*What the exercise asks*
In your copy of the data, include no pictures and alter nothing else.

*Available data*
────────────────────

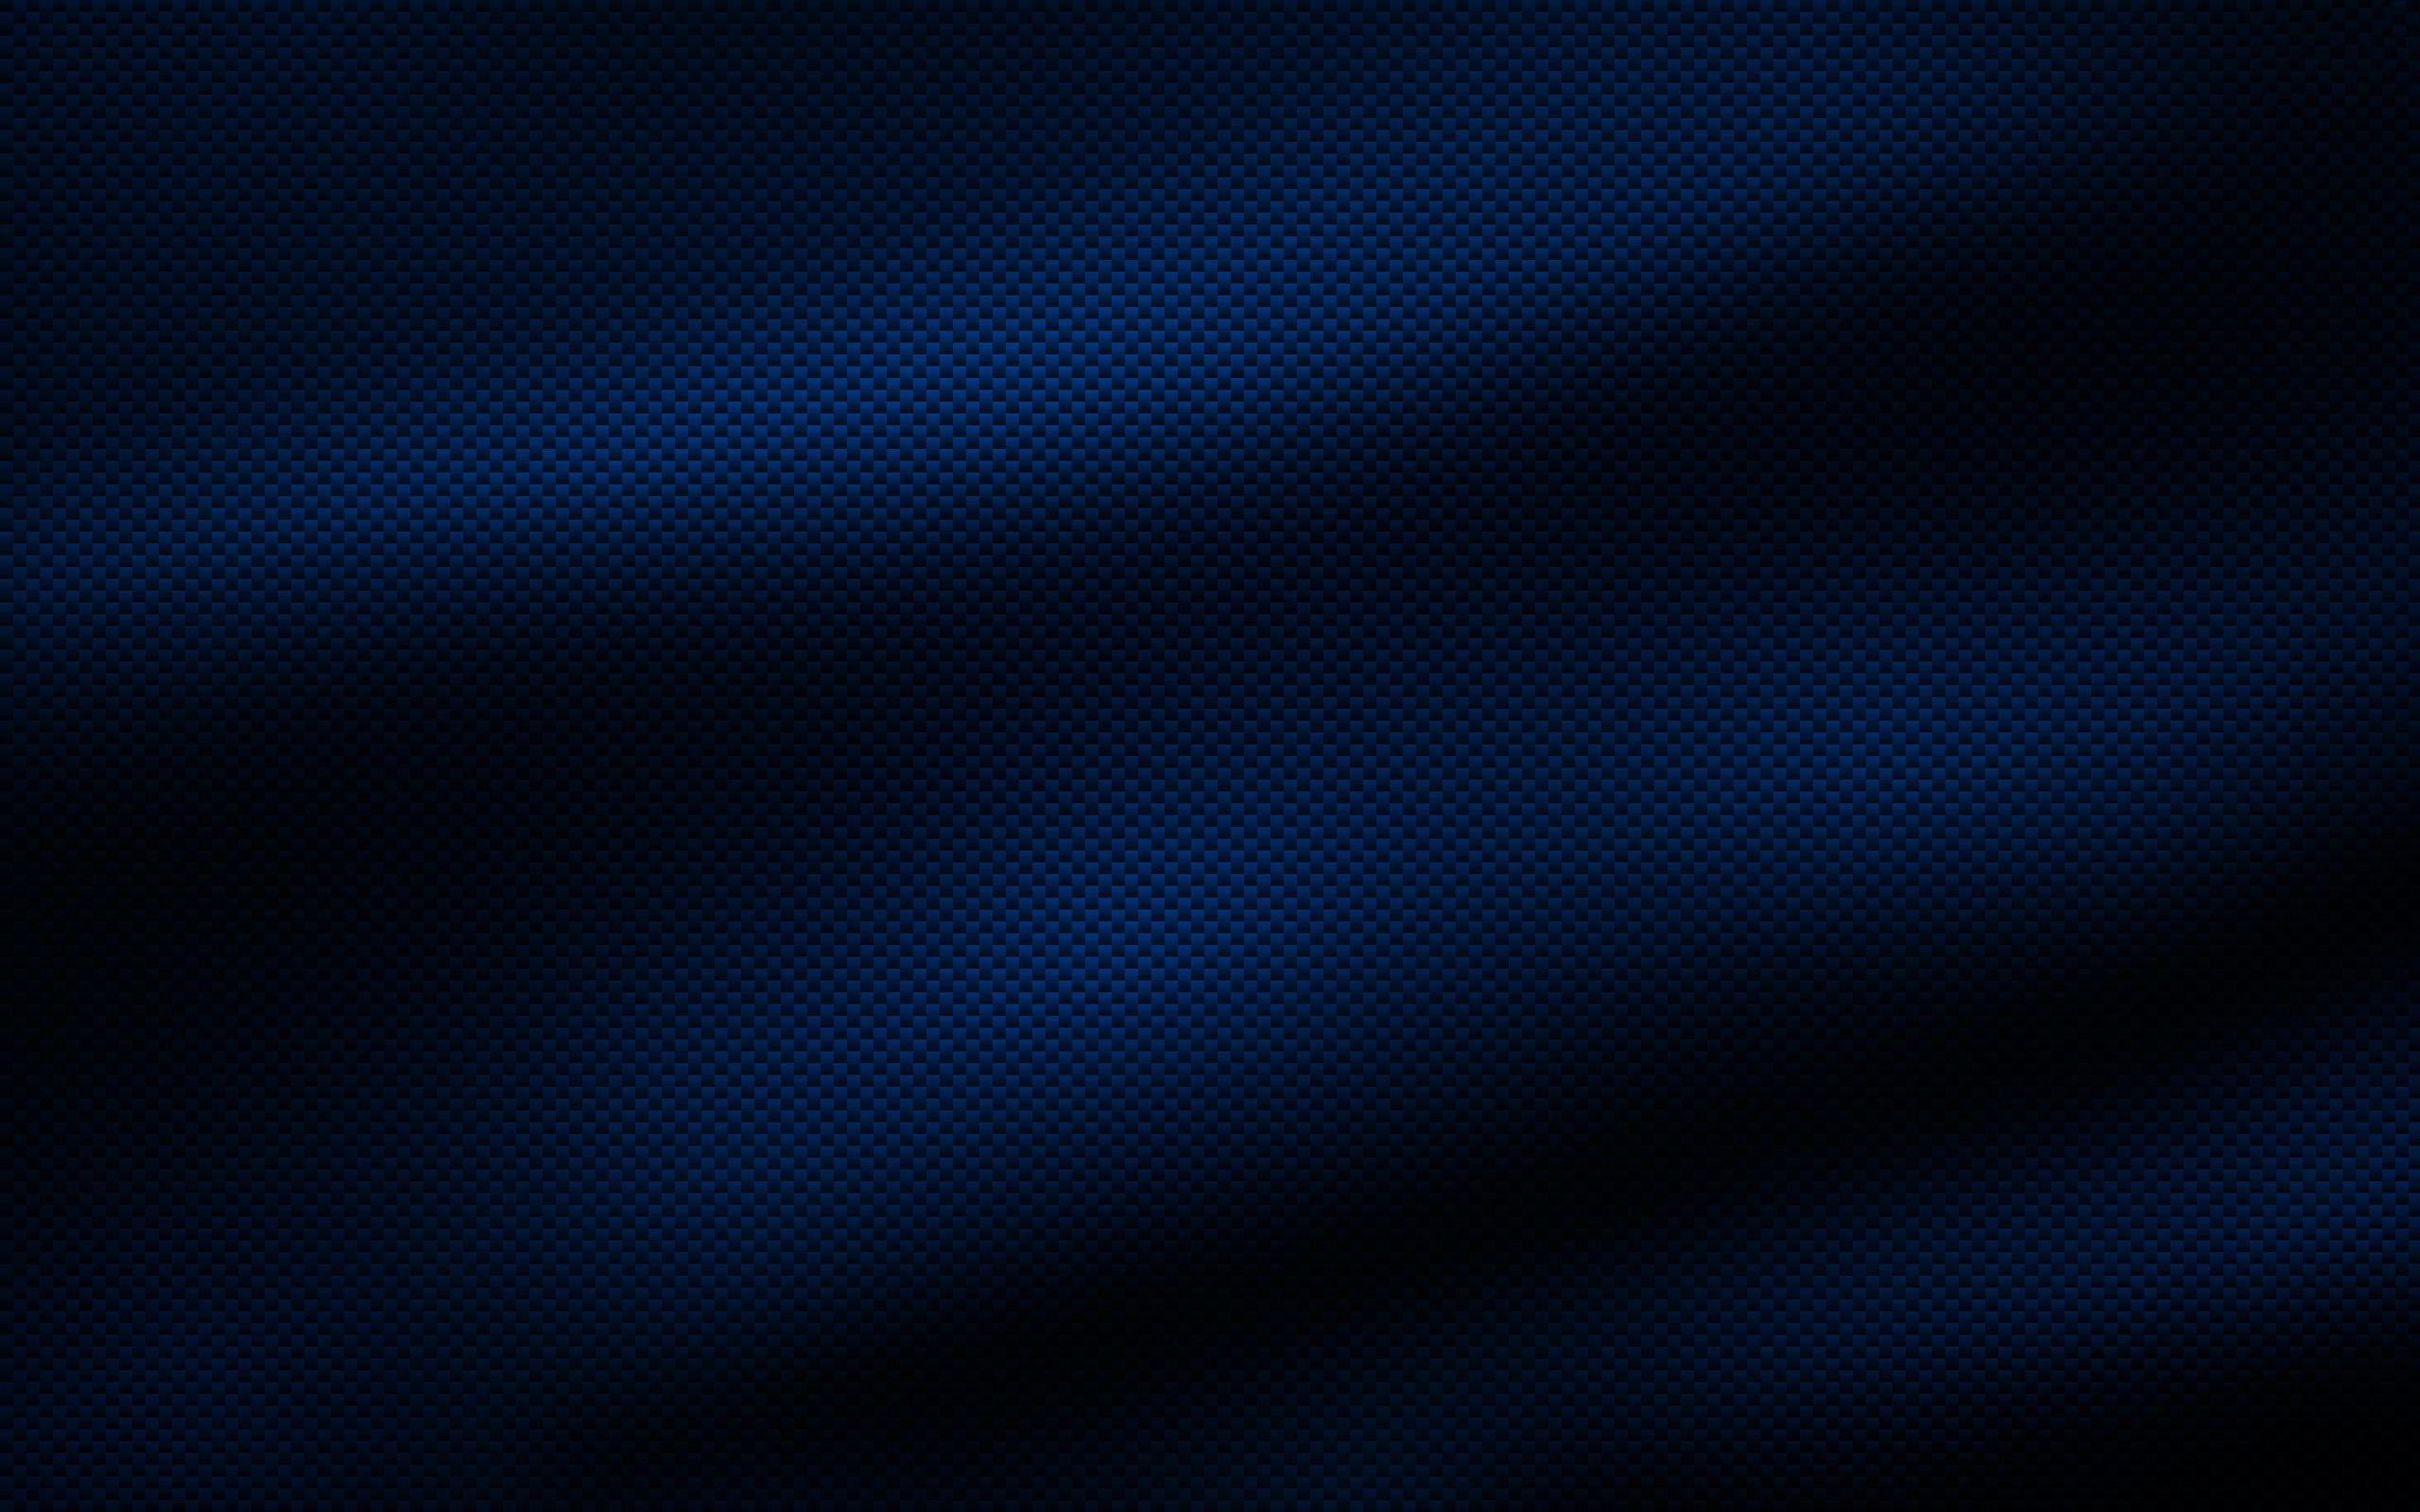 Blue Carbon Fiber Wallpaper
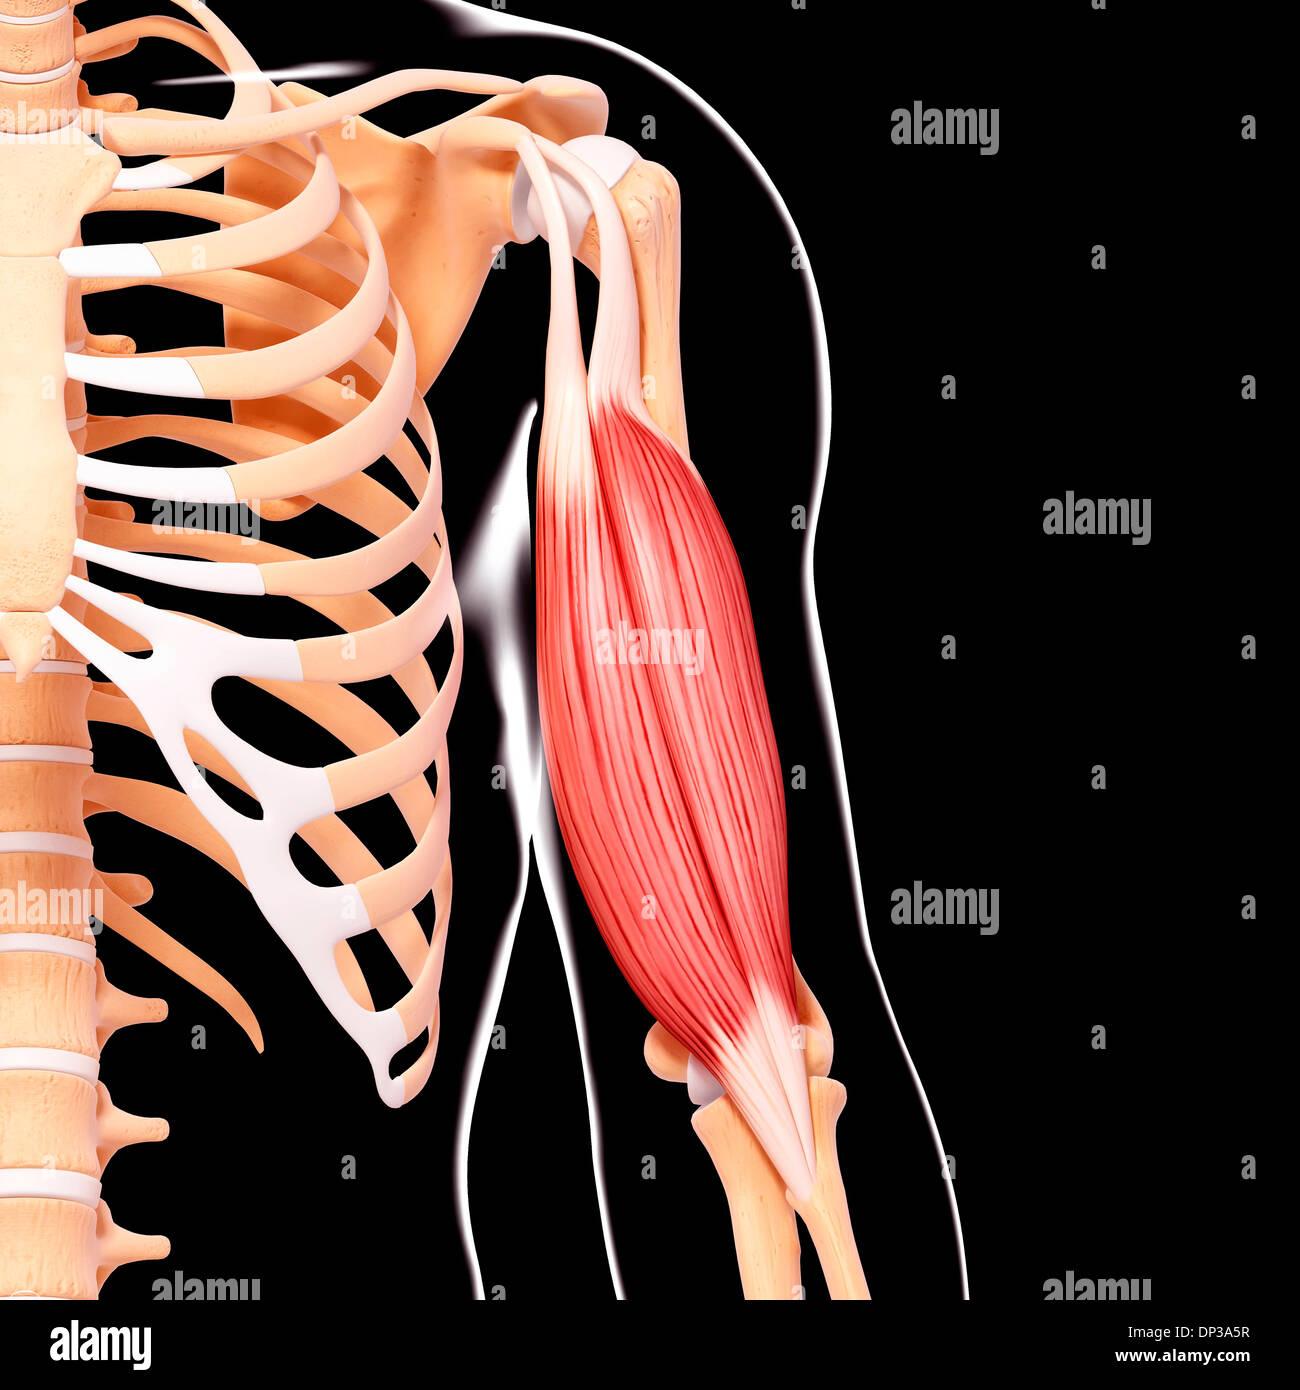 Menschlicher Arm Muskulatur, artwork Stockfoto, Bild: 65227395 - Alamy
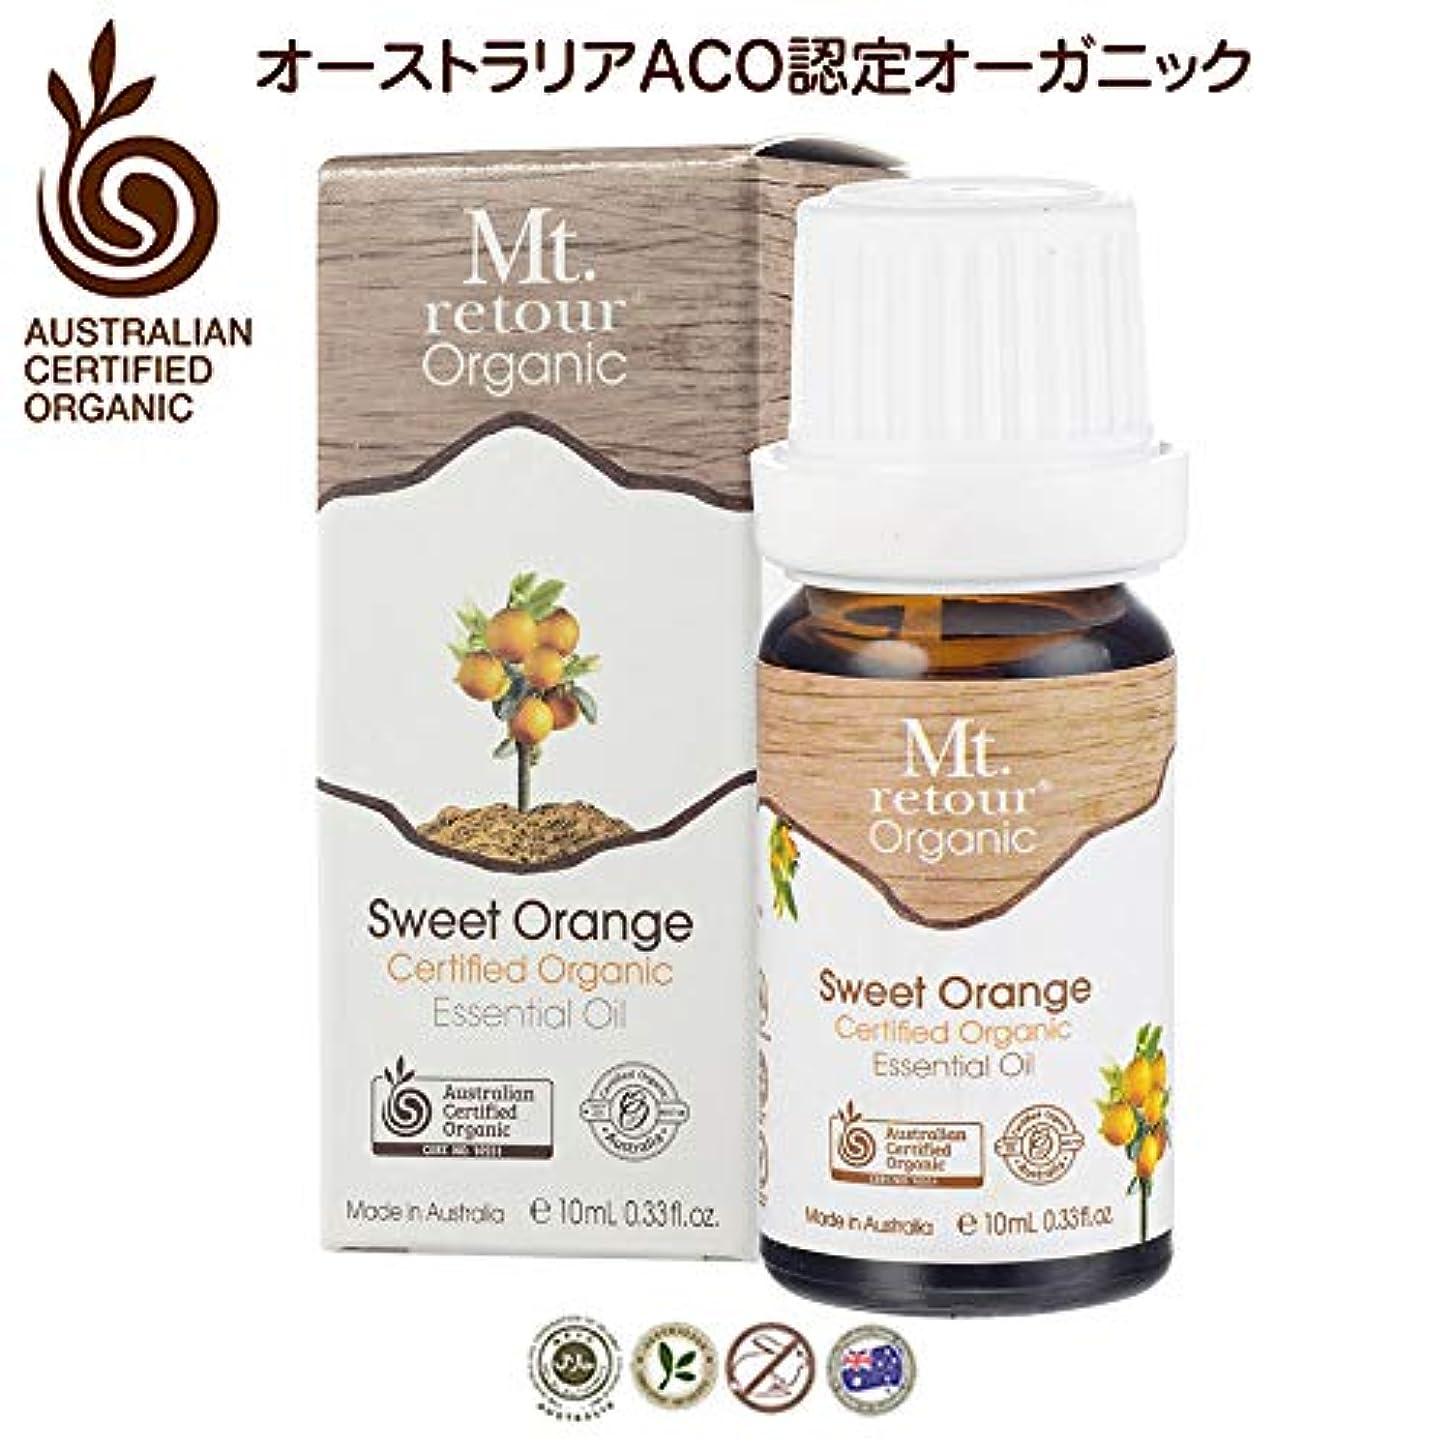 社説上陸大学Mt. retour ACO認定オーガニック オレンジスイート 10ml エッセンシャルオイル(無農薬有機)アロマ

────────────────────

*Completed exercise*
 Blue Carbon Fiber Wallpaper
 Menschlicher Arm Muskulatur, artwork Stockfoto, Bild: 65227395 - Alamy
 社説上陸大学Mt. retour ACO認定オーガニック オレンジスイート 10ml エッセンシャルオイル(無農薬有機)アロマ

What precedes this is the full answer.